_REQUIREMENT_
Keep the pictures out. Write out every line of the listing exactly.
::: DATA EXCERPT :::
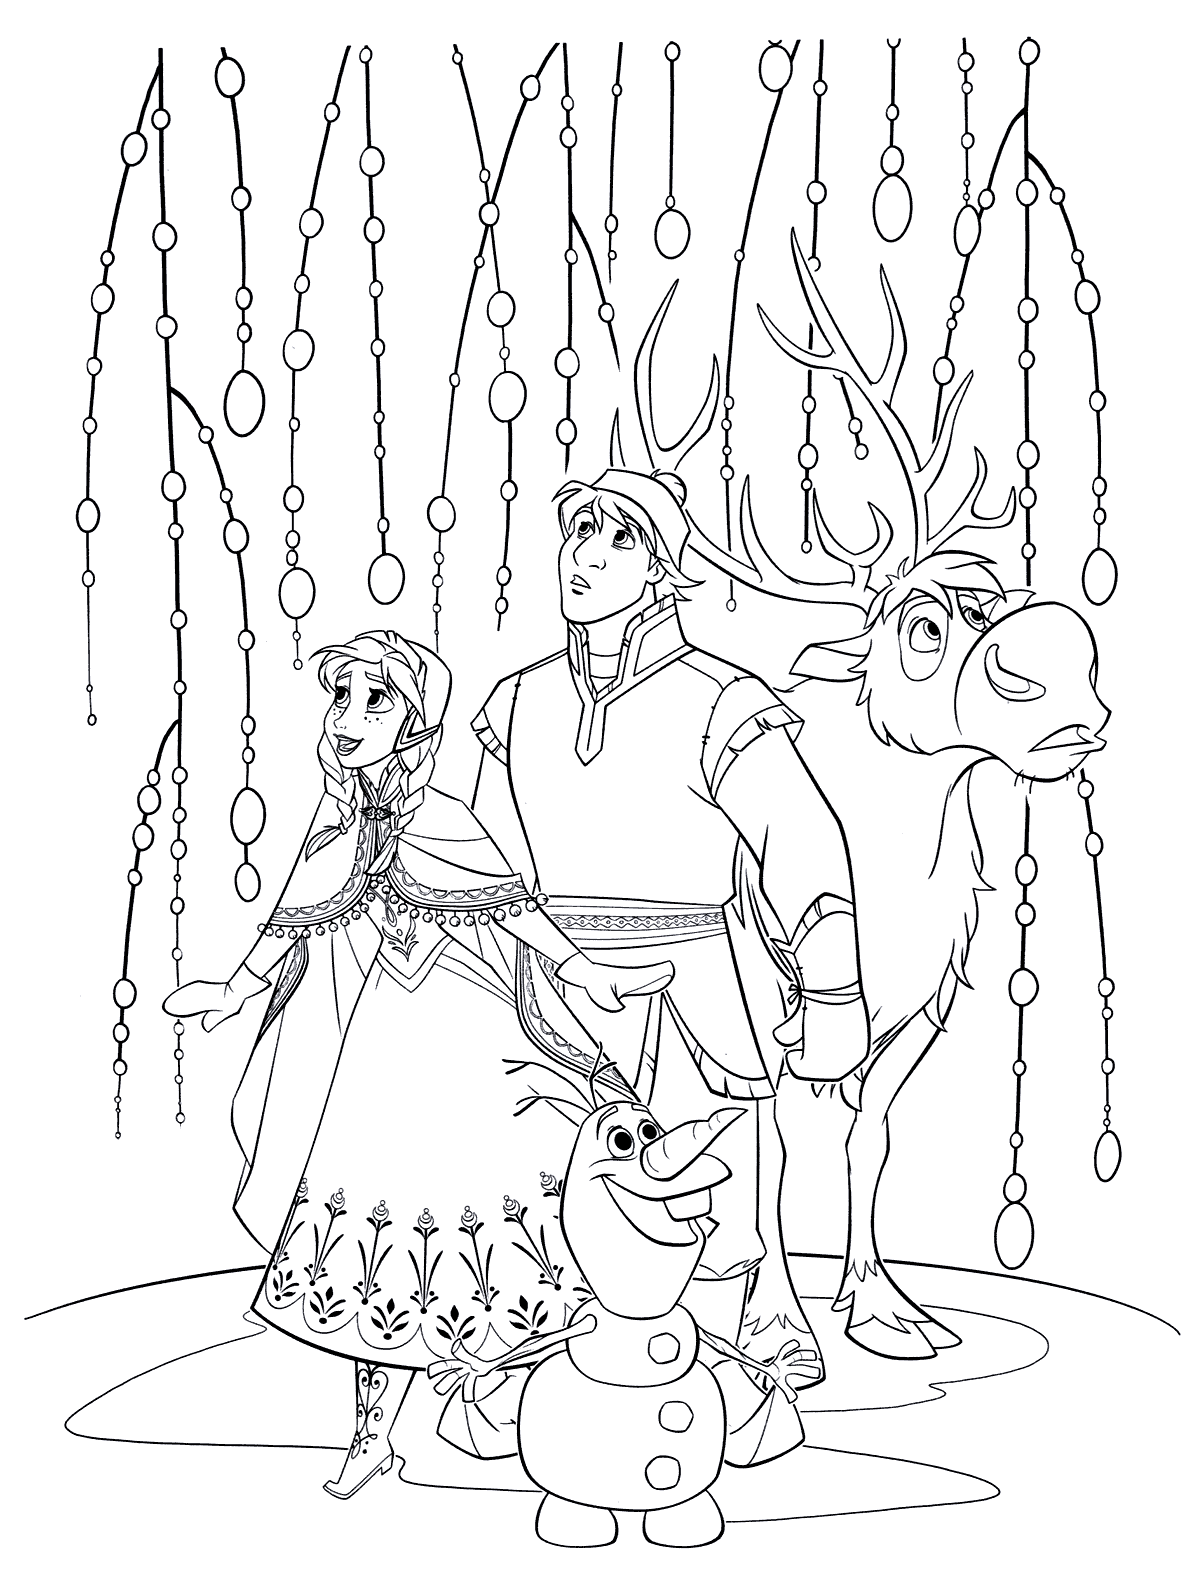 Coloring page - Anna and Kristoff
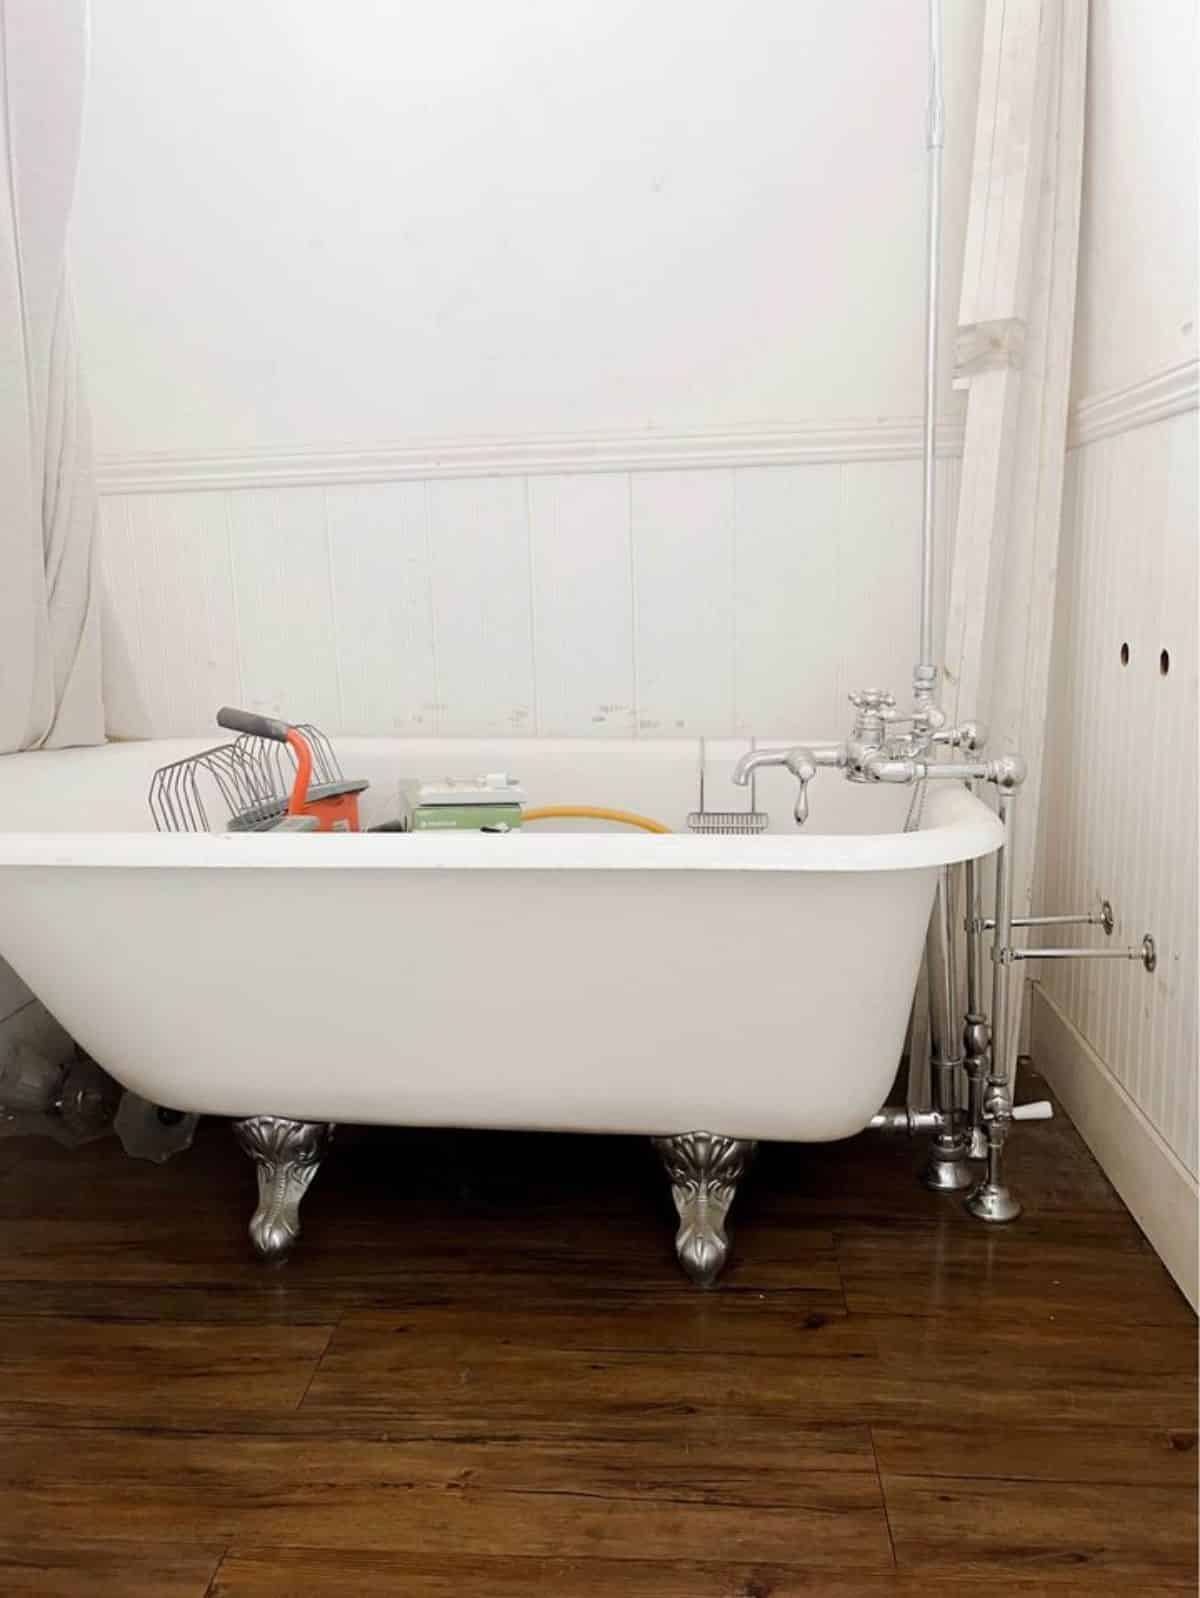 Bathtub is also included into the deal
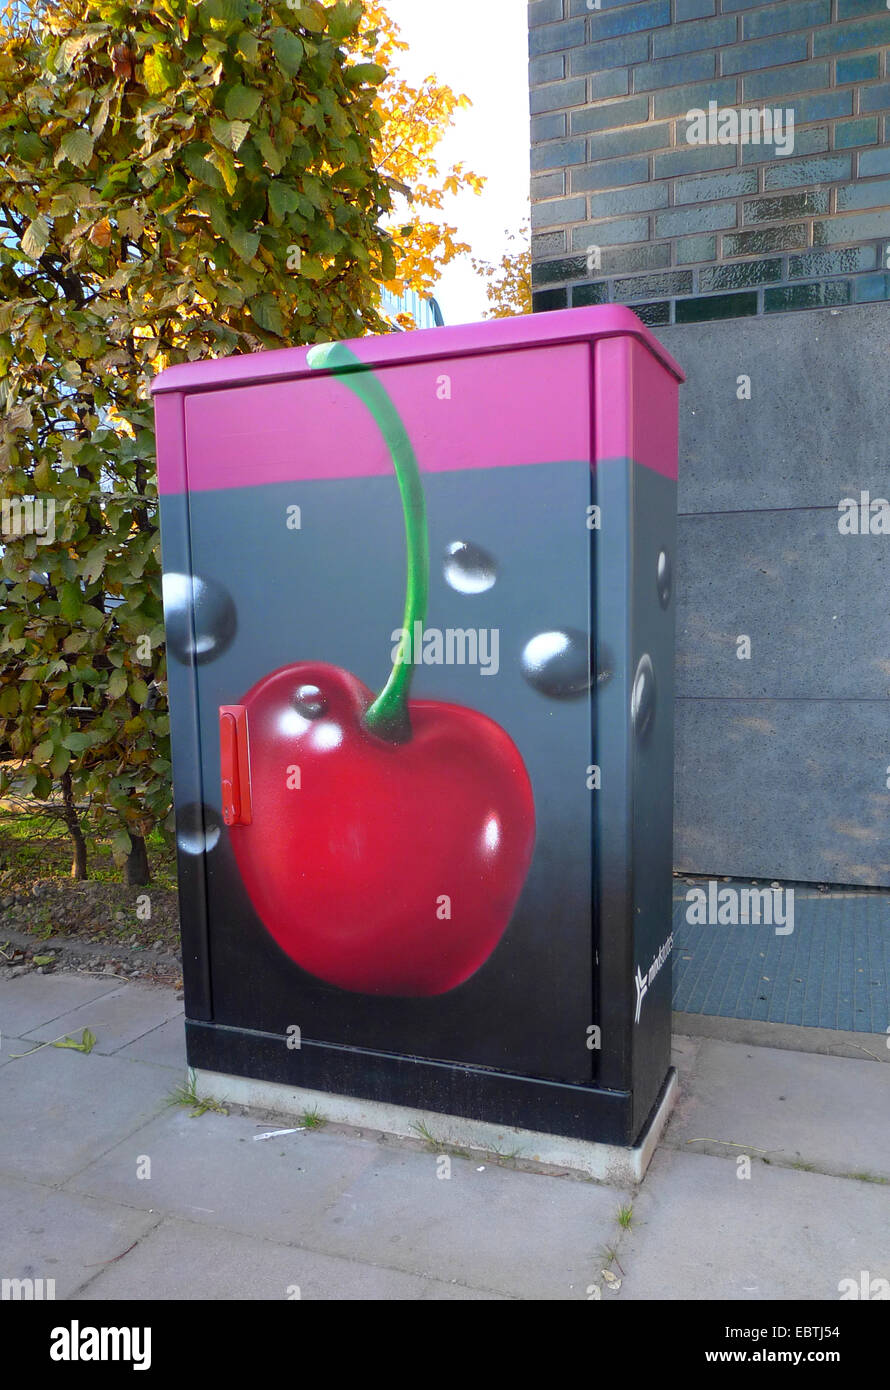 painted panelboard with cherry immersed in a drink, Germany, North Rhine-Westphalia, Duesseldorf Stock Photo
:::
_ANSWER SPACE_
 Coloring page - Anna and Kristoff
 Bathtub is also included into the deal
 painted panelboard with cherry immersed in a drink, Germany, North Rhine-Westphalia, Duesseldorf Stock Photo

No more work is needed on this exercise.